Sydney Uni Sport and Fitness Scholarship holders are eligible to receive Financial Assistance which may range from $1,000 to $10,000 per annum, Representative Travel Grants of up to $2000, Personal Development, Tutoring, Academic Representation and Liaison, Academic Counselling, Media Exposure, Facility Access, Sport Services and the Elite Athlete and Performers Scheme.

Talented Athlete Program (TAP)
Awarded to those athletes with recognised potential. Benefits, as outlined above, include; Personal Development, Tutoring Academic, Representation and Liaison, Academic Counselling, Media Exposure, Facility Access, Sport Services, Athlete Mentoring.

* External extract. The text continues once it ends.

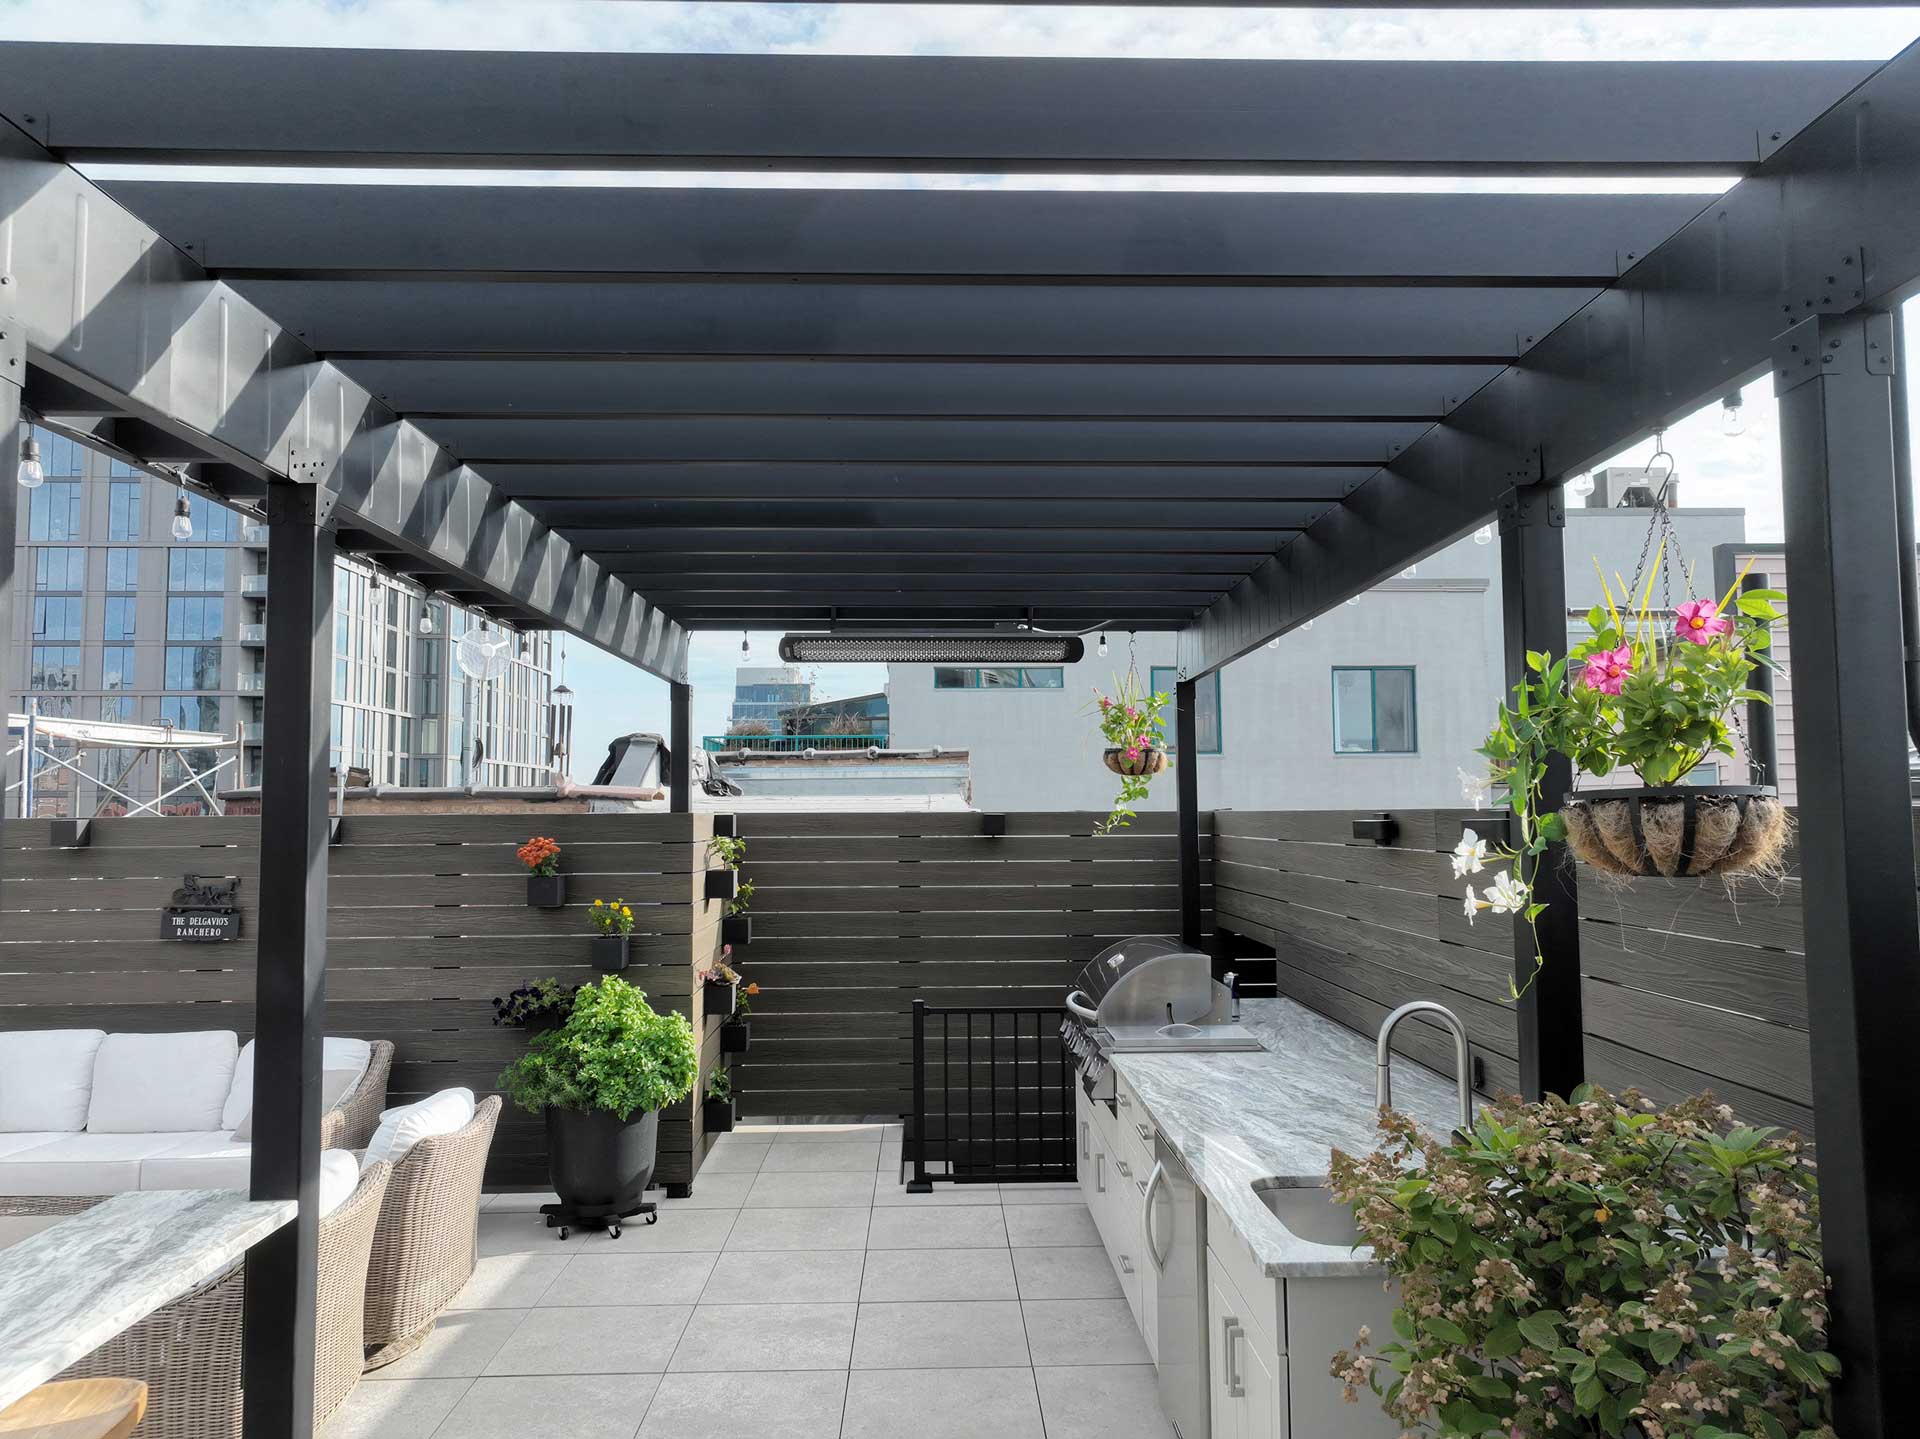 Urban outdoor kitchen under a sleek steel pergola, with integrated lighting and hanging plants

Ron Rushbrooke Scholarship

The Ron Rushbrooke Scholarship Fund originated as a bequest from Mr Rushbrooke in 2004. The Fund is a vehicle to ensure the perpetual viability of Varsity baseball, with the aim to raise the invested principal to a level sufficient to cover the Club's expected regular season liabilities, and the perpetual scholarship, from the flow of Fund investment income.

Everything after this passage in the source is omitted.